How we get to know God is the topic of the first 9 paragraphs of the first Century of “Theology, the Divine Economy, and Virtue and Vice.”
St. Maximos repeats his frequent theme of the impossibility of complete knowledge of God, using new metaphors and parallelisms.
It is impossible to fully know God because He transcends “the summit of all spiritual knowledge,” he tells us. How could we? God is “an infinite union of three infinites. Its principle of being, together with the mode, the nature and the quality of its being, is altogether inaccessible to creatures. For it eludes every intellection of intellective beings, in no way issuing from its natural hidden inwardness, and infinitely transcending the summit of all spiritual knowledge.”

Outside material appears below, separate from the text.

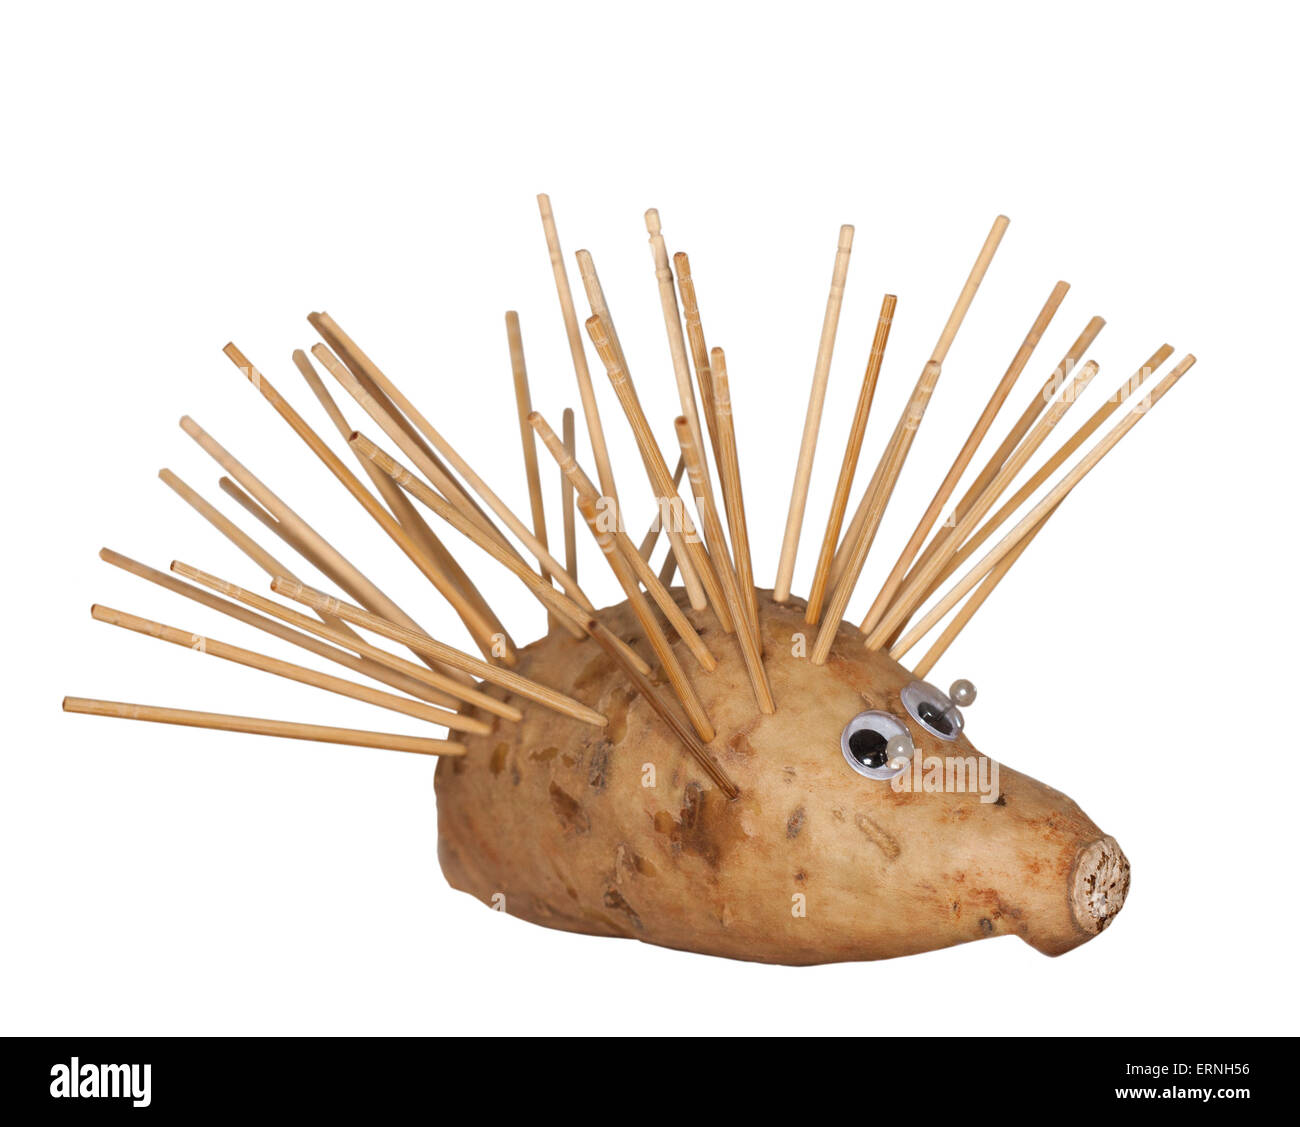 Hedgehog, porcupine or spiny echidna made from sweet potato with plastic eyes and mass of wooden spines on white background Stock Photo
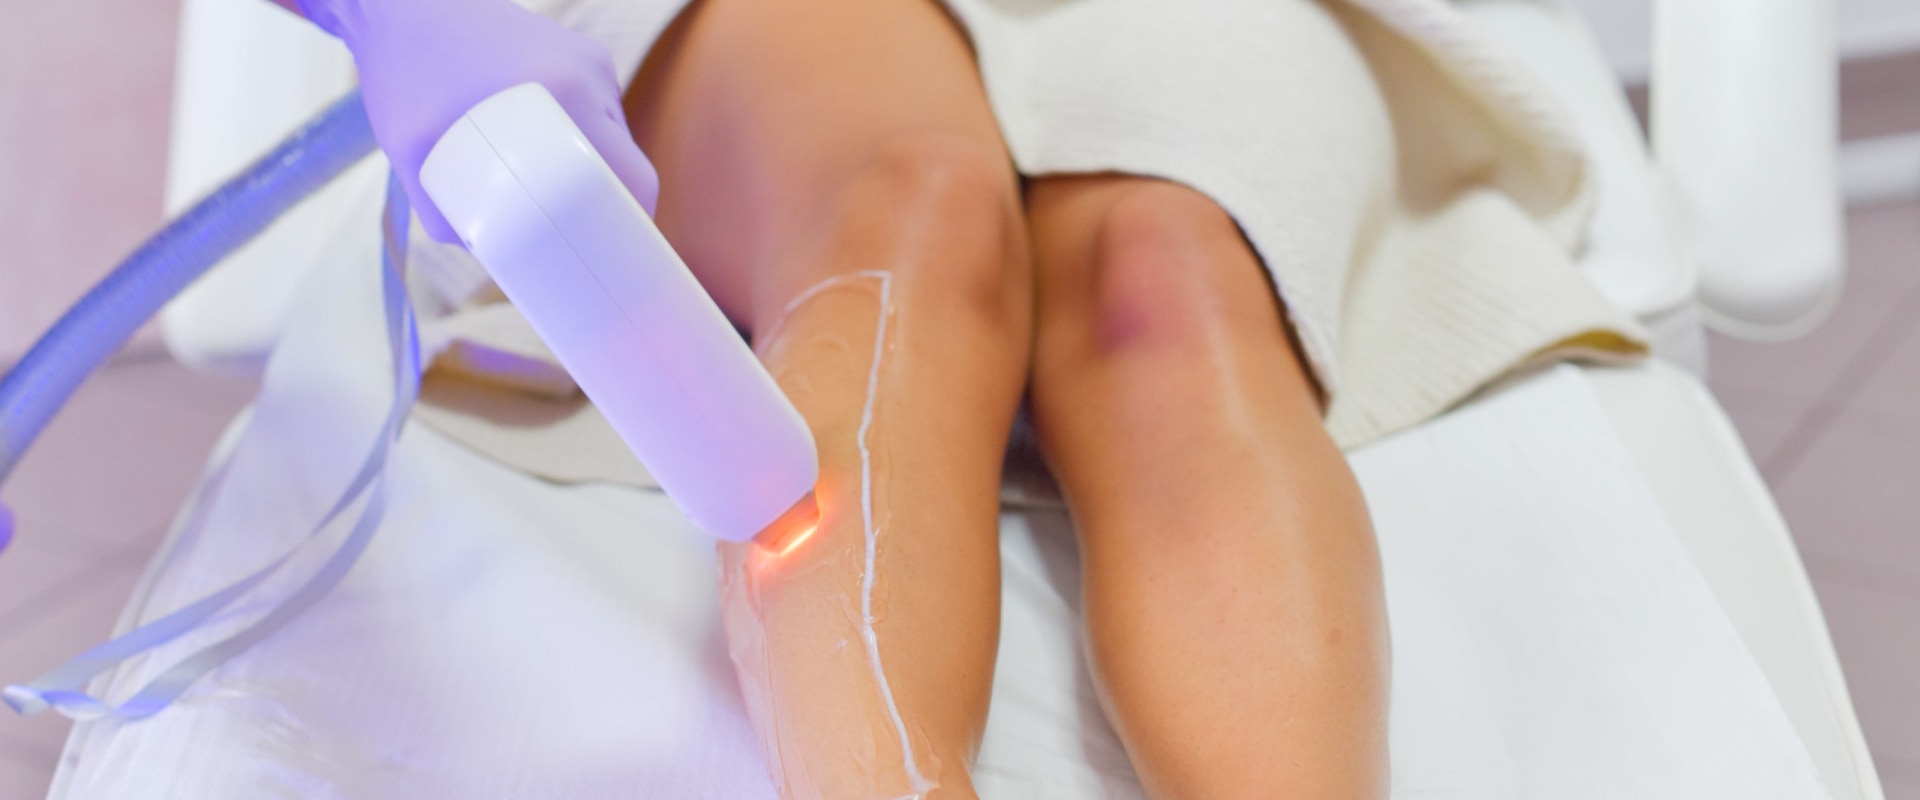 Are Laser Hair Removal Devices Safe and Effective?

We can only know God by participation through the virtues we cultivate within us. Yet goodness in humans is “substantive since it has an origin, a consummation, a cause of being, an. d motion, so far as its being is concerned, towards some final cause”
For God, however, “good is that which has no origin, no consummation, no cause of being and no motion whatsoever, so far as its being is concerned, towards any final cause.” God’s existence is prior that that of created things. In contrast, we can only derive our existence through participation in His.
In fact, “Not only is the divine Logos prior to the genesis of created beings, but there neither was nor is nor will be a principle superior to the Logos.”
Hence our knowledge through participation is limited. We cannot participate in God’s essence or be coeternal with Him “who willed [us] to exist.”
Yet how wonderful it is that God made us capable of participating and being “participated in.” Our incompleteness is also our bridge to God and humans, and hope for redemptions. St. Maximos spends some time expounding on the nature of knowledge through participation.
First, knowledge through participation requires mutual desire and a synergistic relationship between God and man:
“…God, in whose essence created beings do not participate, but who wills that those capable of so doing shall participate in Him.”
Secondly, the various modes of participation allow constant renewal.
In his desire, humility and love of man, God “becomes an infant and moulds Himself in [us] through the virtues.” Thus, He reveals Himself in us according to what each of us is able to accept and understand at any given moment, though His true nature and reasons remain invisible. The multiple and constantly new modes of God’s manifestation in us imply infinite possibilities of growth and continuous renewal.
This is why, St. Maximos tells us,
… the apostle, when wisely considering the power of this hidden activity, says, ‘Jesus Christ the same yesterday, and today, and throughout the ages’ (Heb.r 3 : 8) ; for he sees the hidden activity as something which is always new and never becomes outmoded through being embraced by the intellect.
Thirdly, God gives the energy and tools to participate.
“…it is He who has given to nature the energy which produces its forms, and who has established the very is-ness of beings by virtue of which they exist.”
St. Maximos compares God to an artist. If an artist is able to conceptualize shapes and forms before putting them on the canvass “how much more does God Himself bring into existence out of nothing the very being of all created things, since He is beyond being and even infinitely transcends the attribution of beyond-beingness.”
While we, humans, are created beings and God is unoriginate, He allows us to uncover his presence among created things and decipher the truth.
“It is He who has yoked the sciences to the arts so that shapes might be devised” and so that our intellect can integrate and apply them.
Artists can conceive and re-create shapes and forms; and we apply science and art, intellect and heart to become capable of participating in God at the highest level.